I think what we're really discussing is "Techno-Solipsism". How can I know if your mind is really a mind at all, or just a computer program emulating one?
I am not one for the philosophy of it all. I just look for results which are offered in this article to some extent. We will know when a significant change has occured
+Jeremy Wolfe, the way I see it, "human" will expand to encompass more and more non-biological parts, and "machines" will incorporate more and more biological components, and the distinctions will blur and become meaningless.

My guess is that this is a good thing, and will help avert potential wars between humans and machines. Instead, there can be a symbiotic relationship of mutual evolution.
From my perspective if the electrodes or program is functionally equivalent (a possibly loaded term) then they are human, no question.

If the change is such that they go far beyond the human norm for capability in that area then they're still in the human group even if we recognise that they have gone beyond many of their brethren in some way.
I would say by definition, if language is worth anything at all, a transhuman has to be different than a human. They reach beyond the human state, and beyond the human condition. They seek to move beyond the biological state of what has been defined as human. If not, then we can easily be called apes or monkeys. 
Well, in a way you're obviously right of course - if at some point the accumulated changes become glaringly obvious (especially concerning divergence from the norm of human emotion / cognition) then people may naturally want to classify them as "other". It's just that I'll always hesitate before assigning the term "other" to anyone or anything that is or came from a human being. The most I might do is introduce a different race of humans (Caucasians, Asians, Transhumans, ... ;) ) but expect that to encounter resistance for all the usual reasons too. 

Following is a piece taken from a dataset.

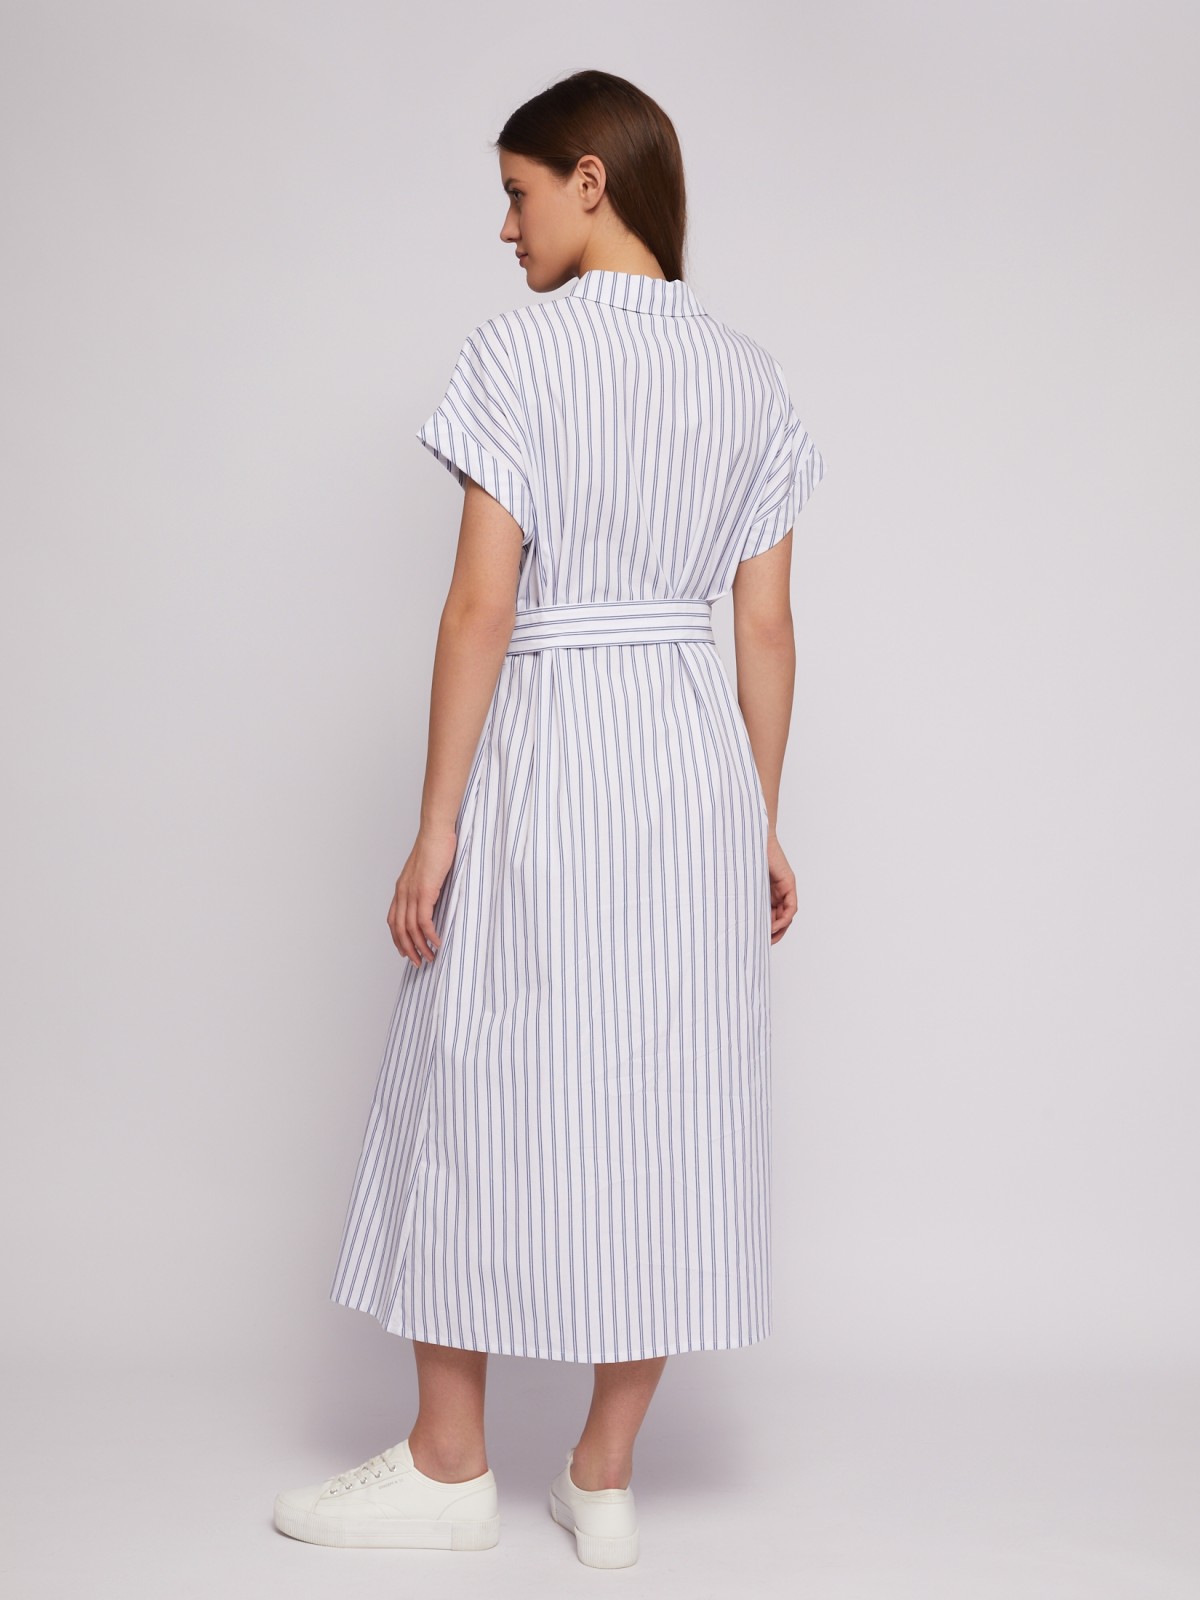 Платье-рубашка из хлопка с коротким рукавом и узором в полоску zolla 024218262363, цвет белый, размер S - фото 6

Many people have of course discussed the expected splintering of humanity into different species - e.g. normal biological humans, genetically engineered humans, cyborg enhanced humans, and genuine uploaded / post-humans - and I've always had a certain sympathy with that prediction. But at their core these should all share the same inalienable human rights. 
No argument there +Mark Bruce. This all simply feeds into my war on semantics itself I guess ^^. As soon as we start classifying, the rules are bound to change. I have seen postulated latin terms for our next form. Maybe the Google like + is all we actually need though +David Jacobs.  
I kind of see a future like the one imagined by Alastair Reynolds in his Revelation Space series of books, where humans are divided up into different sub-species with short descriptive names like 'ultras' who are heavily technologically modified transhumans and 'conjoiners' who are mentally augmented (both by technology and by other means) and essentially develop a hive mind.
The term I have decided fit for a transhuman intermediate is metacogg ^^ 
The first points:

2013 to 2014
Wireless file storage
Subdermal navigation system
Brain-only control of temperature of my house

I'd definitely opt-in for the first and second and would like to see how the third was implemented before considering it. But number three, for me, could really be extending the boundary of the "self" for the first time with the local home environment linked to your whim and desire. 
I thought a lot about that one as well, +Mark Bruce.  At first, it would take conscious effort to control the room temperature, but eventually it would likely become second nature and subconscious.  In fact, it would probably end up just being an extension of homoeostasis!  It could easily be extended to other private domains, such as your car.